● TASK INSTRUCTIONS: Make a word-for-word copy of the entries below from their first line through the line with "Founder's Leftist Tears T-Shirt", and add nothing.

(Items listed in a dataset)

========

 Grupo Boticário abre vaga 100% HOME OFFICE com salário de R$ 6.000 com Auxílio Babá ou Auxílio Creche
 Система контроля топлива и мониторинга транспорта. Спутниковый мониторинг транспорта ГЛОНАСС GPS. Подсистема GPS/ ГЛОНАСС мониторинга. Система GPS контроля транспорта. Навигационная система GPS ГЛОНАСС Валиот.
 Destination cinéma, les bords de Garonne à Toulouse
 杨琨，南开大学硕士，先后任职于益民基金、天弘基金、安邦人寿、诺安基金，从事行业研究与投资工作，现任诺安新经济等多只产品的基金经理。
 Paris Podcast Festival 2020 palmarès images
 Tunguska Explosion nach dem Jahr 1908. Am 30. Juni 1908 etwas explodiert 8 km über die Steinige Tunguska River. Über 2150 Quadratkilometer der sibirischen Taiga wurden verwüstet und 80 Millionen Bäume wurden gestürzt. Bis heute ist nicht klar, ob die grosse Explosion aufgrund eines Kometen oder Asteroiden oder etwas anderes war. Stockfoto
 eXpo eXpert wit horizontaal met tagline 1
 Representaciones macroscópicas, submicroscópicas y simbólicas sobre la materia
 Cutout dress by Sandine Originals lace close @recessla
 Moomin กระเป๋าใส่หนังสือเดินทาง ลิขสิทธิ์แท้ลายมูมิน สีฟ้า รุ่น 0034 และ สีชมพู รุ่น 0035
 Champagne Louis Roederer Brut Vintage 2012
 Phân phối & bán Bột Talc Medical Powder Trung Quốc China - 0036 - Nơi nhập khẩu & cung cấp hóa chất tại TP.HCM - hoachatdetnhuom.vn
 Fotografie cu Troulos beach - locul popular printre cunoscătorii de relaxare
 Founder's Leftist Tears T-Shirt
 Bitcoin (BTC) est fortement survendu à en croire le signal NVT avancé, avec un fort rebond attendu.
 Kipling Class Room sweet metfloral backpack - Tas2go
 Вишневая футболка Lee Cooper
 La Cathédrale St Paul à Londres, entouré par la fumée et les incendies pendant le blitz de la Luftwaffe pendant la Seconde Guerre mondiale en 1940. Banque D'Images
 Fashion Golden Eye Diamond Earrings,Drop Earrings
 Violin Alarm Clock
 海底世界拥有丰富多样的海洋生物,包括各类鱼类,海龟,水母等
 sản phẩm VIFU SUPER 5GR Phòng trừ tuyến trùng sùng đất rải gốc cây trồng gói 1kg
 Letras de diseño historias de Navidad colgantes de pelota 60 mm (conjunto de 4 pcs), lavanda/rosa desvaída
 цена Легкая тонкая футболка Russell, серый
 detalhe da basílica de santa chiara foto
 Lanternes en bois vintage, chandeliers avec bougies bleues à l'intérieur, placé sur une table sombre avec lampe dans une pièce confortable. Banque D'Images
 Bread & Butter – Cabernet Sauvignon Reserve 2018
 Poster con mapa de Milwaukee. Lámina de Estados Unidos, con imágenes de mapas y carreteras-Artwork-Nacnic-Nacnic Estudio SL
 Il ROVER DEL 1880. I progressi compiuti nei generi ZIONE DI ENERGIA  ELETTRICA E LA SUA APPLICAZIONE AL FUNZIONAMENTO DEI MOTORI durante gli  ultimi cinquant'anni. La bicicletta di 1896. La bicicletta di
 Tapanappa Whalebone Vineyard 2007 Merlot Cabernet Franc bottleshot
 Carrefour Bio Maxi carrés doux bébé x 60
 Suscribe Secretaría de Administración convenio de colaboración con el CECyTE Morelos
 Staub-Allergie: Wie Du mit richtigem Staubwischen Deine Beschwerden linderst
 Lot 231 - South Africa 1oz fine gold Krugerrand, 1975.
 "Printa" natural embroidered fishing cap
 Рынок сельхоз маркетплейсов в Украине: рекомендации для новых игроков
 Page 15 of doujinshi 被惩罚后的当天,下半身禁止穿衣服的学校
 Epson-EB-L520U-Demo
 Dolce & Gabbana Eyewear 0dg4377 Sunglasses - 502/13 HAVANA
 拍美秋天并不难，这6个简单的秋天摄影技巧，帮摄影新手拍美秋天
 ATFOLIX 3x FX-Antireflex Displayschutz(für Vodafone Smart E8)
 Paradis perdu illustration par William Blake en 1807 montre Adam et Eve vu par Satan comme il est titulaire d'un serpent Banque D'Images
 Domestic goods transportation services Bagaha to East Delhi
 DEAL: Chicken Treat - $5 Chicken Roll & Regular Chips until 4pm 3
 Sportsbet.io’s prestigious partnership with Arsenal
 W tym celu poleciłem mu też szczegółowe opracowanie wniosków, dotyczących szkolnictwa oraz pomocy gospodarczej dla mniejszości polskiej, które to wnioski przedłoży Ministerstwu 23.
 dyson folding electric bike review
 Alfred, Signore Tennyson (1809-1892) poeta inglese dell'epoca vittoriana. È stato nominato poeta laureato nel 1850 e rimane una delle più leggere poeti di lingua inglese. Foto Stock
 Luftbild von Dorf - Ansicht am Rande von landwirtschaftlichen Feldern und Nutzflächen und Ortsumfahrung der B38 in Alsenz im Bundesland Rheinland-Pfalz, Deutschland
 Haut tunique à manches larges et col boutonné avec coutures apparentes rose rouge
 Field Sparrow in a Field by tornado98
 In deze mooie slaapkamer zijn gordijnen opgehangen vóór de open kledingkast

========

● EXERCISE RESULT:
 Grupo Boticário abre vaga 100% HOME OFFICE com salário de R$ 6.000 com Auxílio Babá ou Auxílio Creche
 Система контроля топлива и мониторинга транспорта. Спутниковый мониторинг транспорта ГЛОНАСС GPS. Подсистема GPS/ ГЛОНАСС мониторинга. Система GPS контроля транспорта. Навигационная система GPS ГЛОНАСС Валиот.
 Destination cinéma, les bords de Garonne à Toulouse
 杨琨，南开大学硕士，先后任职于益民基金、天弘基金、安邦人寿、诺安基金，从事行业研究与投资工作，现任诺安新经济等多只产品的基金经理。
 Paris Podcast Festival 2020 palmarès images
 Tunguska Explosion nach dem Jahr 1908. Am 30. Juni 1908 etwas explodiert 8 km über die Steinige Tunguska River. Über 2150 Quadratkilometer der sibirischen Taiga wurden verwüstet und 80 Millionen Bäume wurden gestürzt. Bis heute ist nicht klar, ob die grosse Explosion aufgrund eines Kometen oder Asteroiden oder etwas anderes war. Stockfoto
 eXpo eXpert wit horizontaal met tagline 1
 Representaciones macroscópicas, submicroscópicas y simbólicas sobre la materia
 Cutout dress by Sandine Originals lace close @recessla
 Moomin กระเป๋าใส่หนังสือเดินทาง ลิขสิทธิ์แท้ลายมูมิน สีฟ้า รุ่น 0034 และ สีชมพู รุ่น 0035
 Champagne Louis Roederer Brut Vintage 2012
 Phân phối & bán Bột Talc Medical Powder Trung Quốc China - 0036 - Nơi nhập khẩu & cung cấp hóa chất tại TP.HCM - hoachatdetnhuom.vn
 Fotografie cu Troulos beach - locul popular printre cunoscătorii de relaxare
 Founder's Leftist Tears T-Shirt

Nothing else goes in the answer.